# [Work required]
The whole listing below is to be copied exactly, with every picture left out.

# [Material for this exercise]
- - -

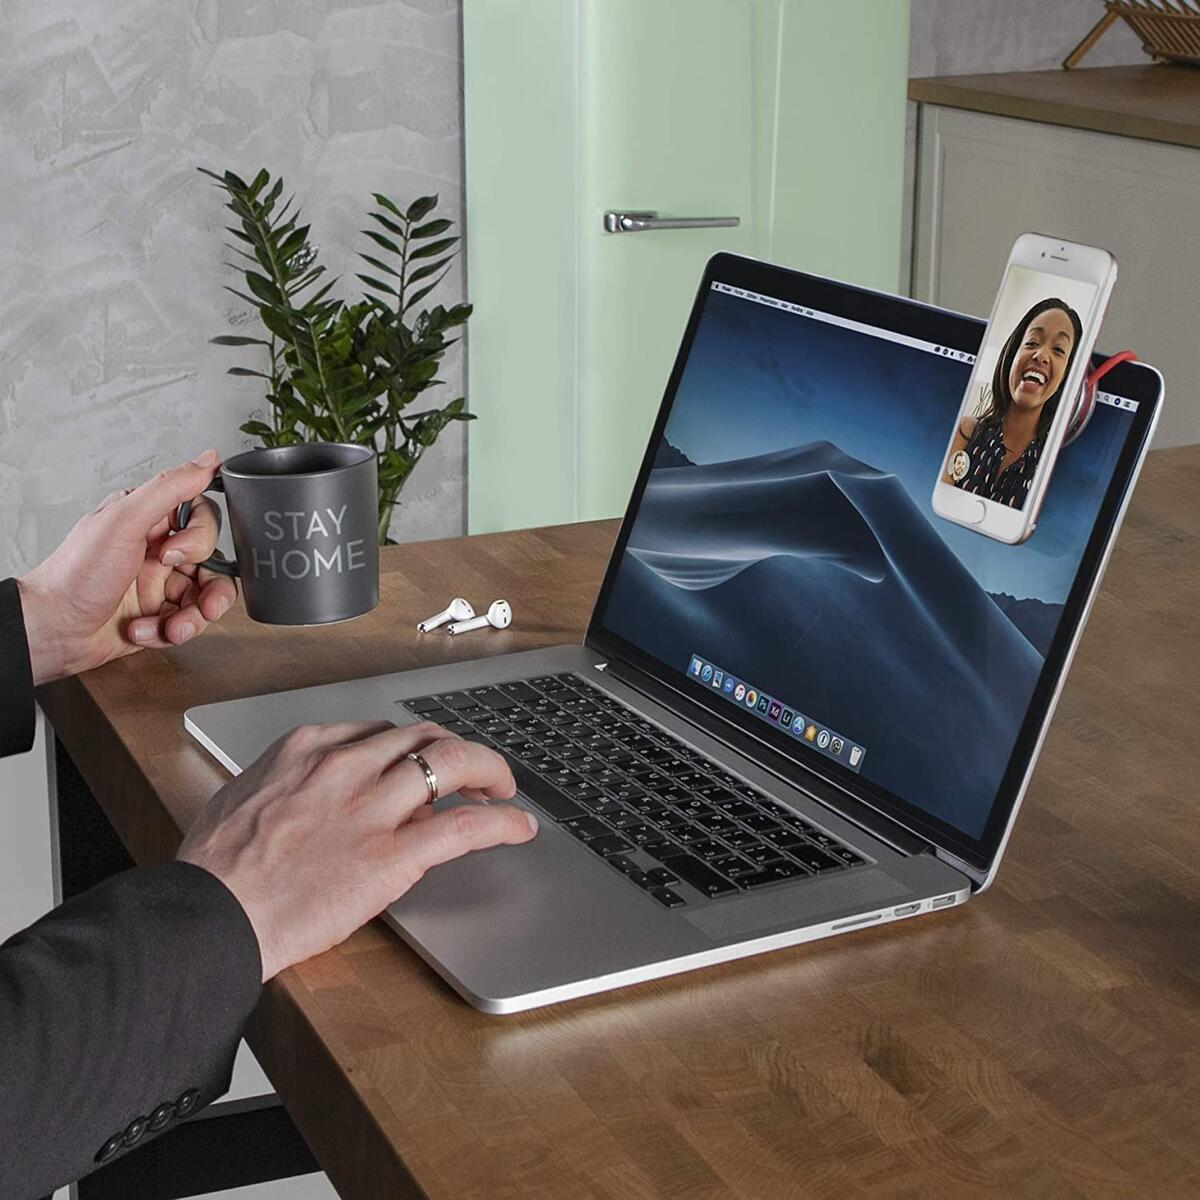 IMStick Magnetic Cell Phone Stands - Phone Holder for Desk Car GYM Bedroom Office Home (Color Silver)
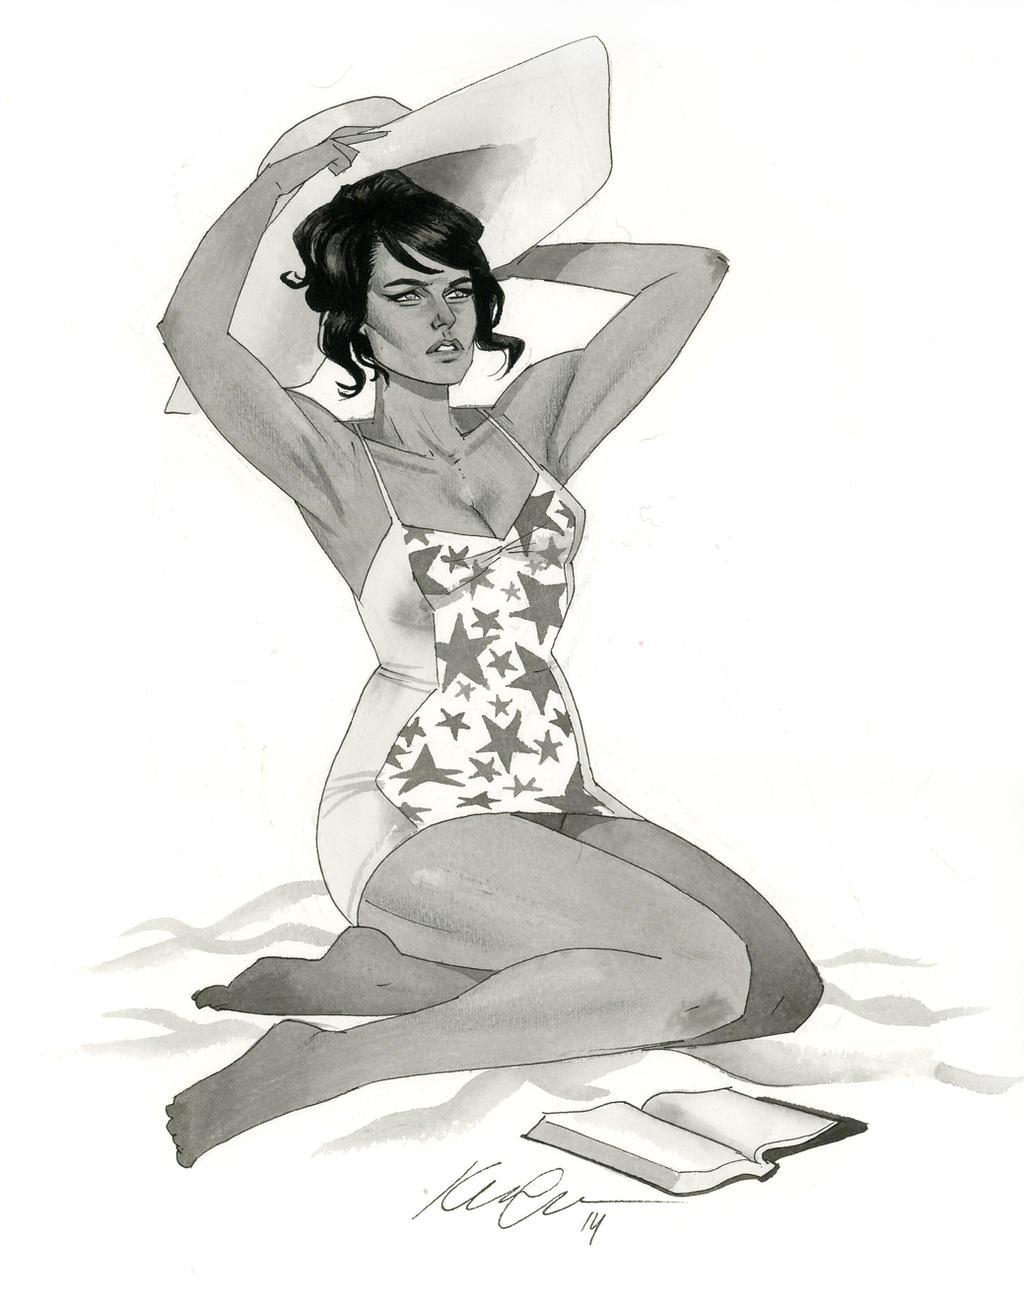 60s Wonder Woman - HeroesCon 2014 sketch by kevinwada
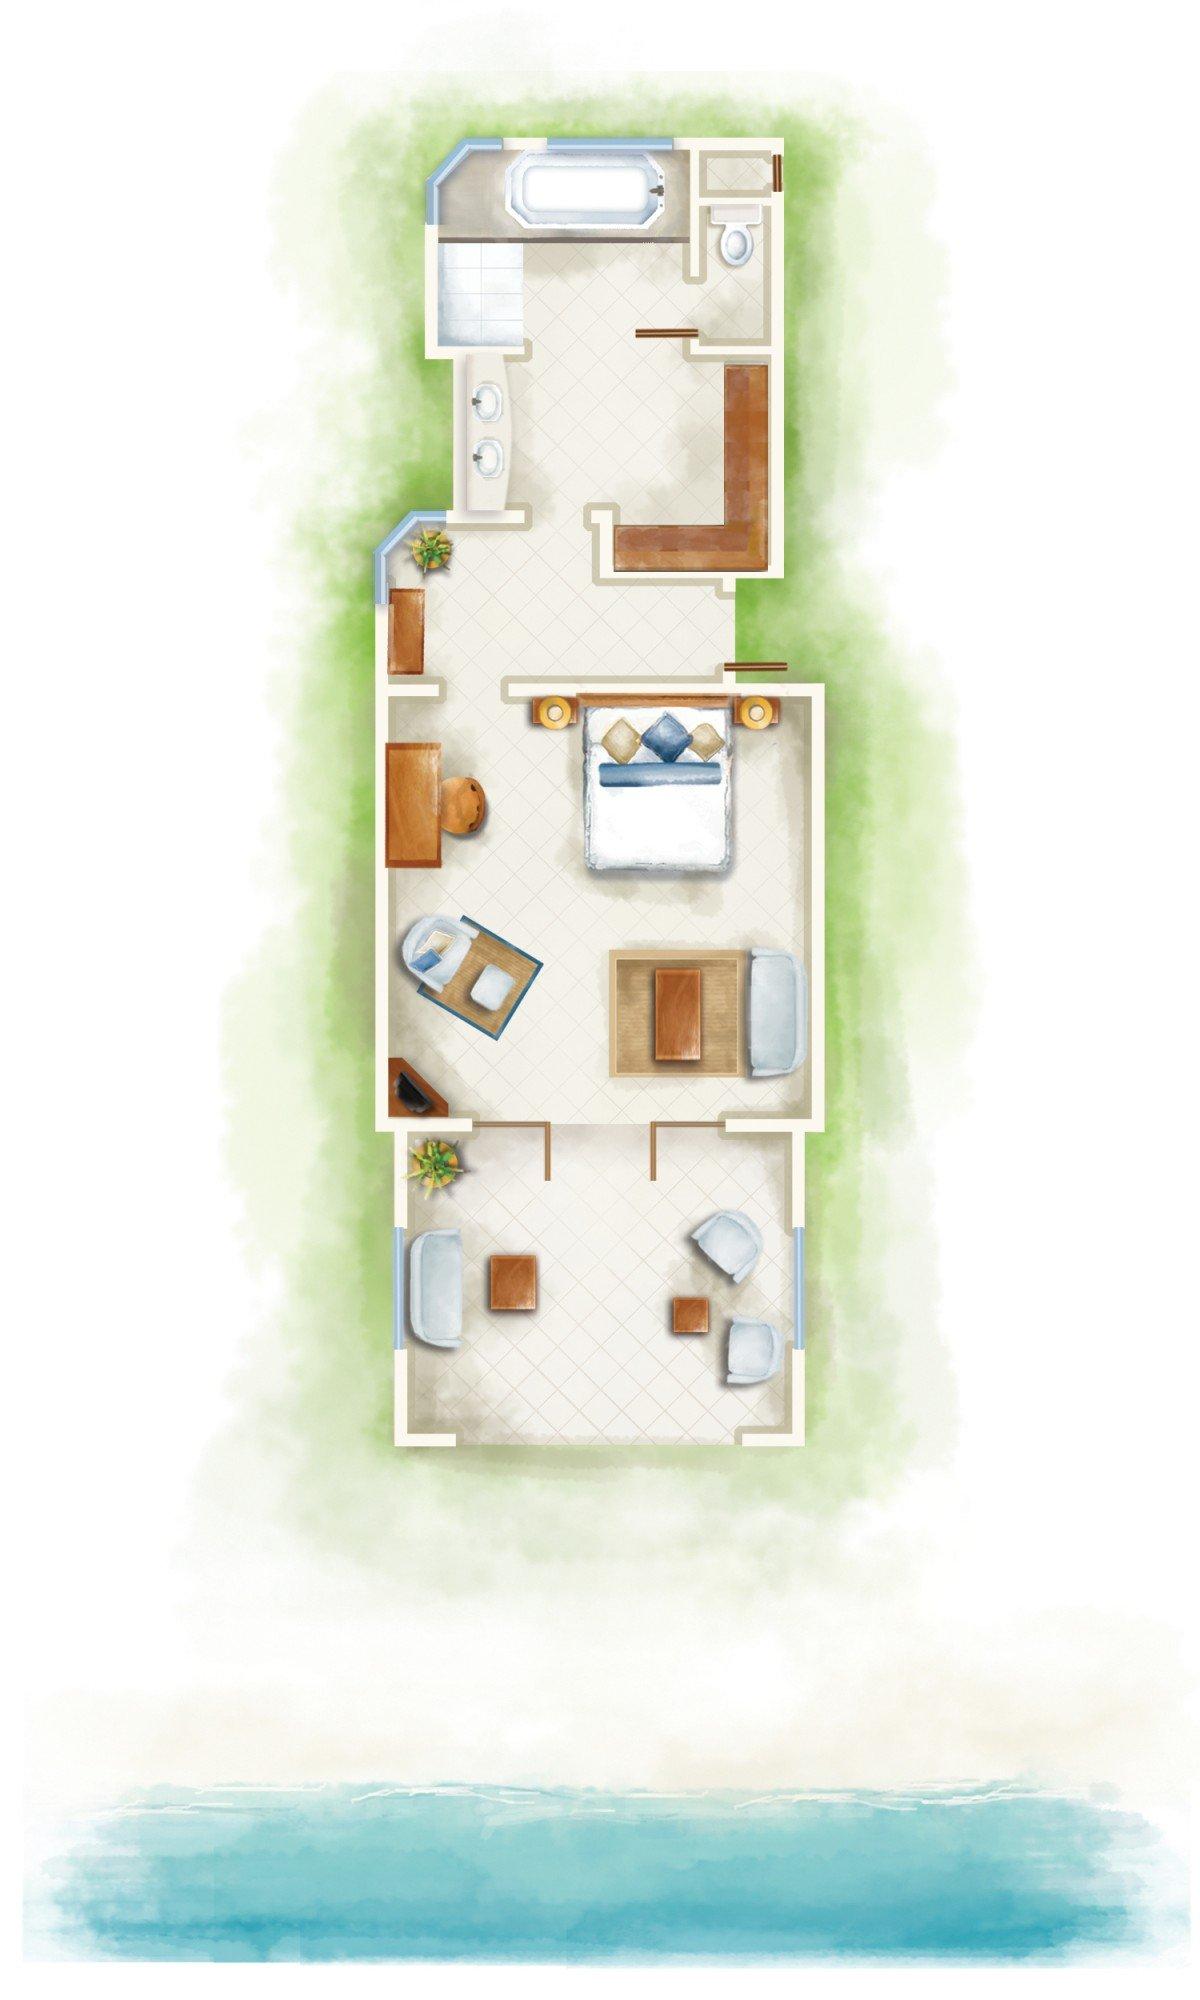 Tropical Beachfront Room (76 m²)
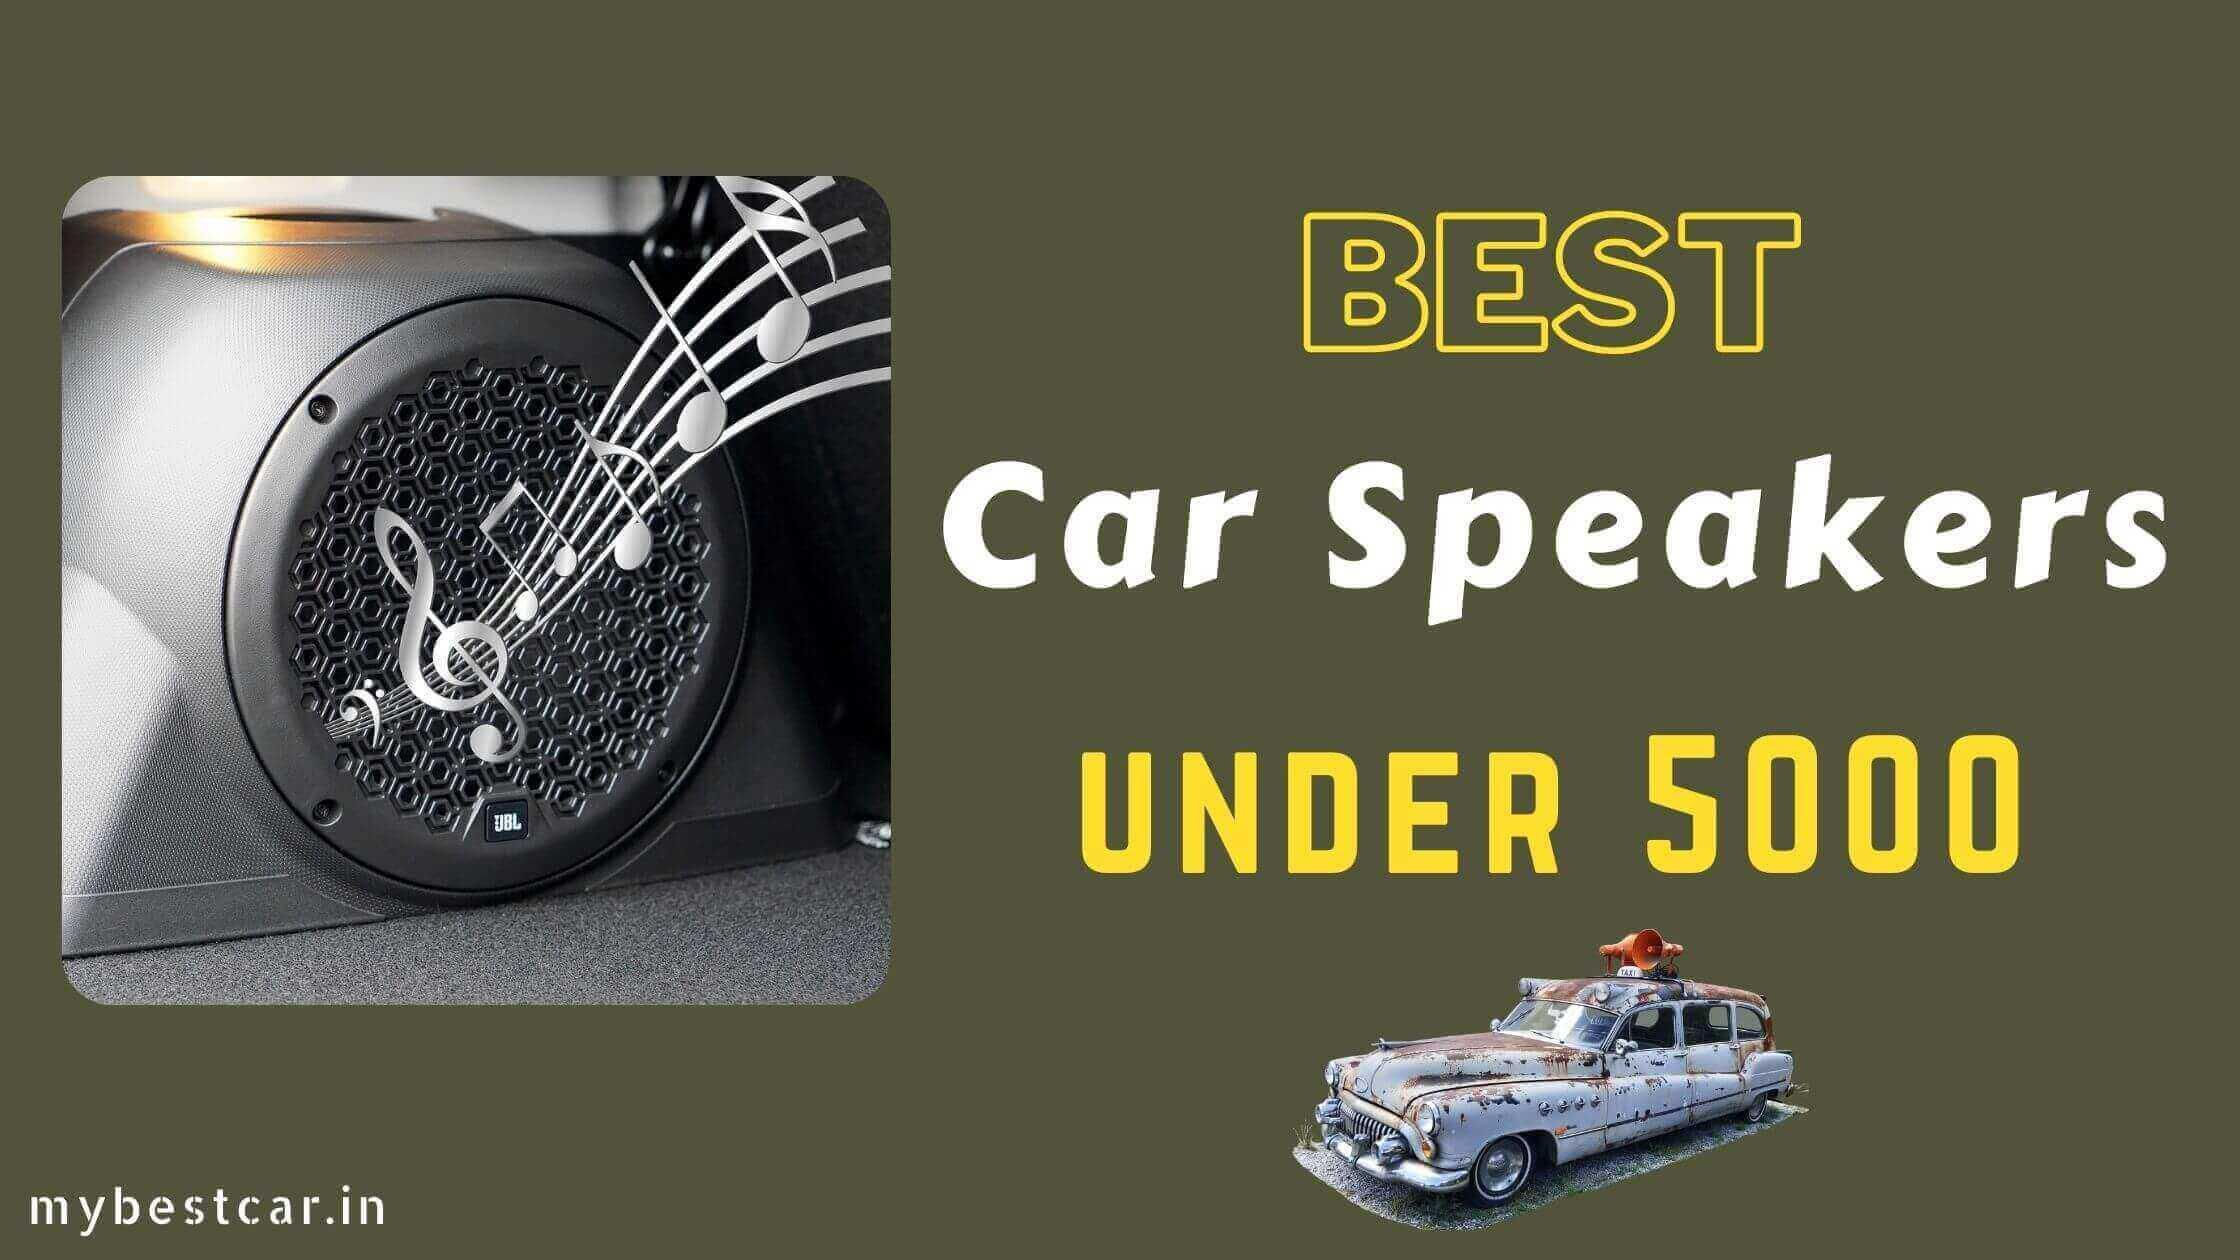 Best Car Speakers under 5000
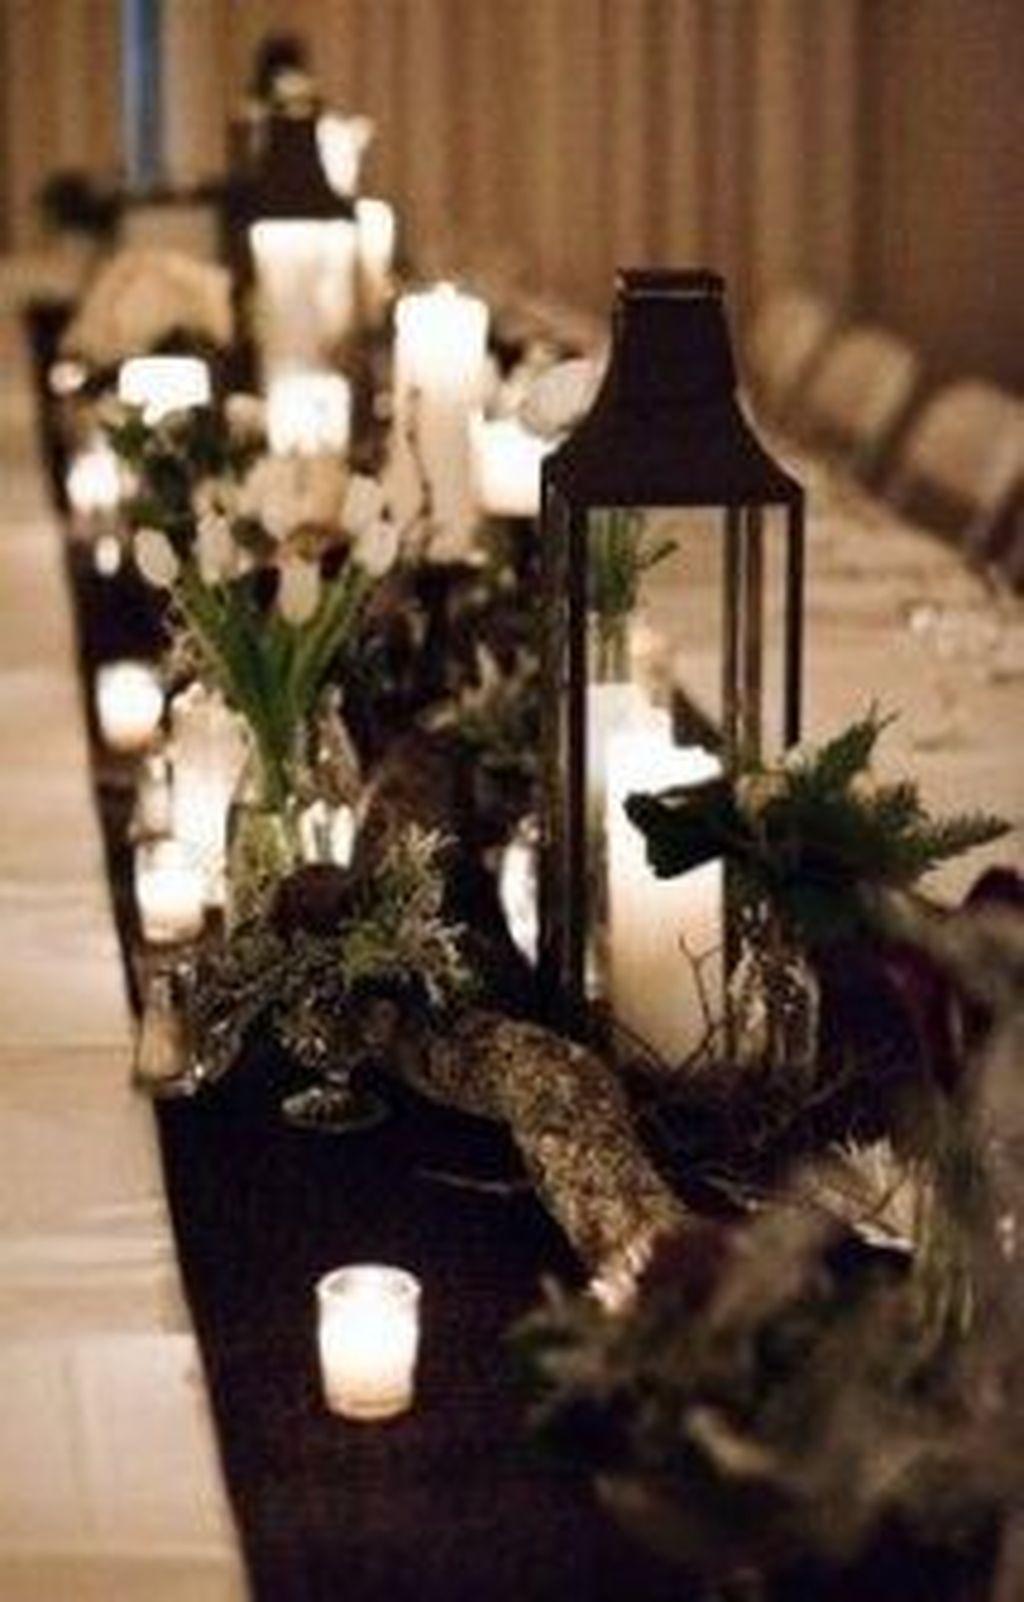 Fabulous Winter Lantern Centerpieces Ideas 22 Pimphomee

- - -

# [Result of the task]
 IMStick Magnetic Cell Phone Stands - Phone Holder for Desk Car GYM Bedroom Office Home (Color Silver)
 60s Wonder Woman - HeroesCon 2014 sketch by kevinwada
 Tropical Beachfront Room (76 m²)
 Best Car Speakers under 5000
 Fabulous Winter Lantern Centerpieces Ideas 22 Pimphomee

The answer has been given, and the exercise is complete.